Mais je ne sais pas. Je ne l'ai vu que dans la lunette d'approche, vous comprenez. C'était sans doute très loin, très loin, du côté de Saint-Sulpice. Quand je regardais avec mes yeux, je ne distinguais que du gris, avec les taches bleues des toits d'ardoises... J'ai même failli le perdre. La lunette a bougé, il m'a fallu refaire un voyage épouvantable sur la mer des cheminées... Maintenant, j'ai un point de repère, la girouette d'une maison voisine de la nôtre.

THÉRÈSE

Tu l'as revu ?

SUZANNE

Oui, hier, aujourd'hui, tous les jours... Est-ce que je fais mal ? Si vous saviez comme il est petit et mignon dans la lunette d'approche ! Il est à peine haut comme ça ; on dirait une image ; je n'en ai pas peur du tout... Puis, je ne sais pas où il est, moi ; je ne sais pas même si c'est bien vrai, ce qu'on aperçoit dans la lunette. C'est tout là-bas... Quand il fait comme ça...
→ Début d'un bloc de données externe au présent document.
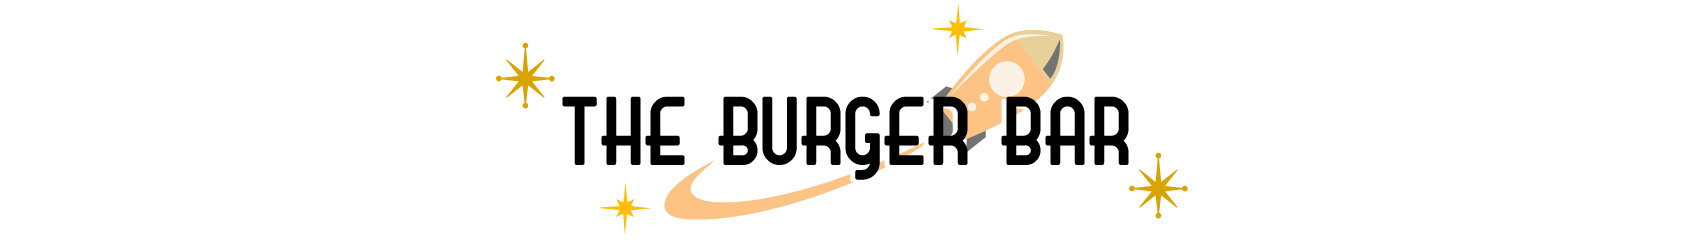 a retro style title The Burger Bar with a flying rocket behind it
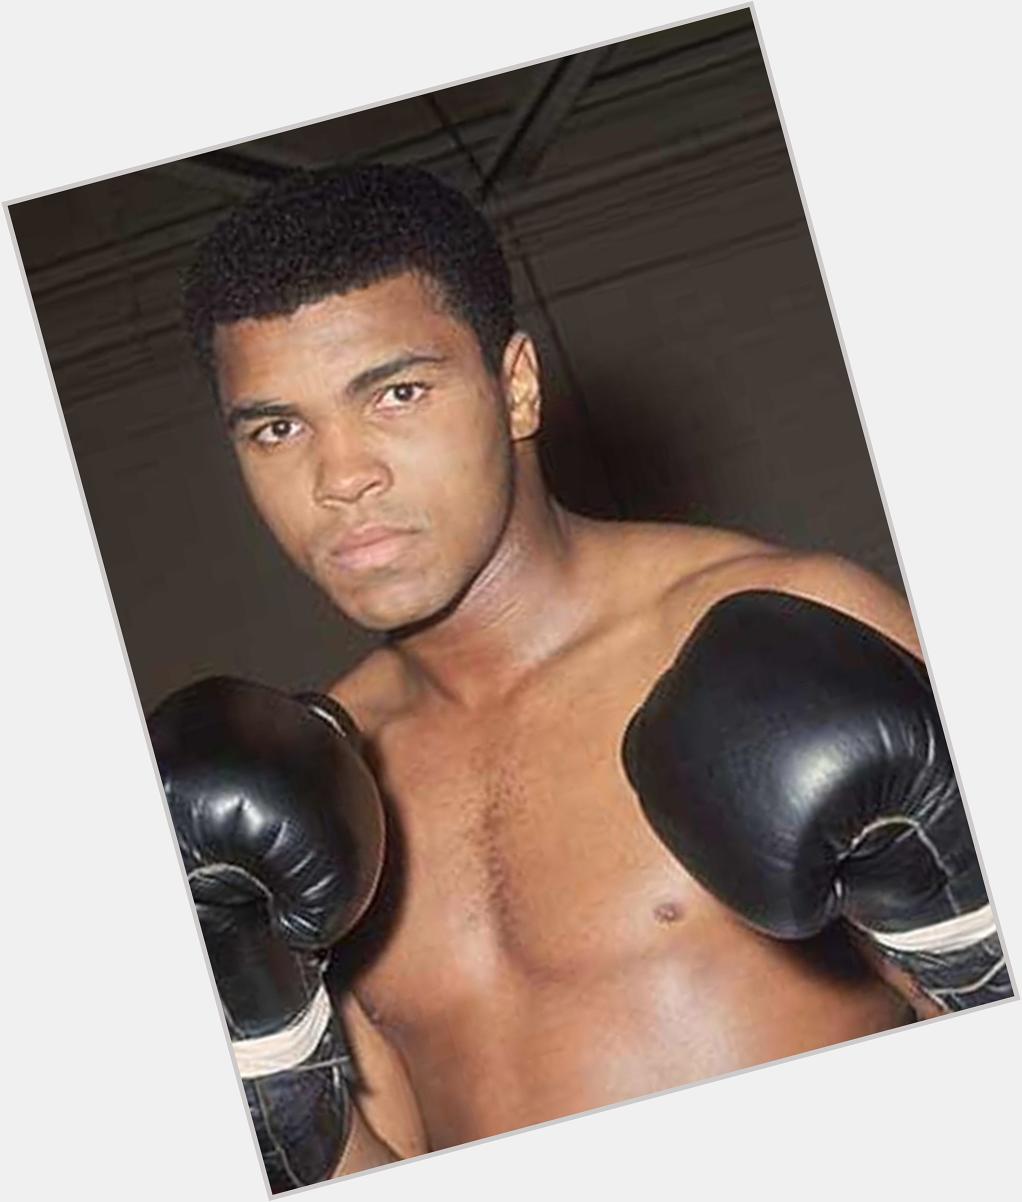 Happy Birthday MUHAMMAD ALI 17-1-42 he\s 73 today,a true Sporting Legend and undoubtably the Greatest boxer ever

Elle fait le signe d'envoyer un baiser.

Je me redresse, et je ne vois plus que du gris. Je puis croire, n'est-ce pas ? que le prince bleu n'a pas fait ça...

Elle répète le geste.

Puisqu'il n'est plus là, puisque j'ai beau écarquiller les yeux...

THÉRÈSE, souriant

Tu me fais du bien...

Regardant Laurent.

Aime ton prince bleu toujours en rêve.

SUZANNE

Ah ! Mais non !... Chut ! La partie est finie.

MICHAUD

Allons, à nous deux. La belle, Monsieur Grivet.

GRIVET

À vos ordres, monsieur Michaud.

Ils mêlent le jeu.

MADAME RAQUIN, poussant son fauteuil à droite

Laurent, puisque vous êtes debout, auriez-vous l'obligeance d'aller me chercher la corbeille où je mets ma laine ? Elle doit être sur la commode de ma chambre... Prenez une lumière.

LAURENT

C'est inutile.

Il sort par la porte du fond.

MICHAUD

Vous avez là un véritable fils. Il est d'une complaisance...

MADAME RAQUIN

Oui, il est très bon pour nous. Je le charge de nos petites commissions ; et, le soir, il nous aide à fermer la boutique.

GRIVET

L'autre jour, je l'ai vu qui vendait des aiguilles, comme une demoiselle de magasin... Eh ! Eh ! Une demoiselle de magasin avec de la barbe !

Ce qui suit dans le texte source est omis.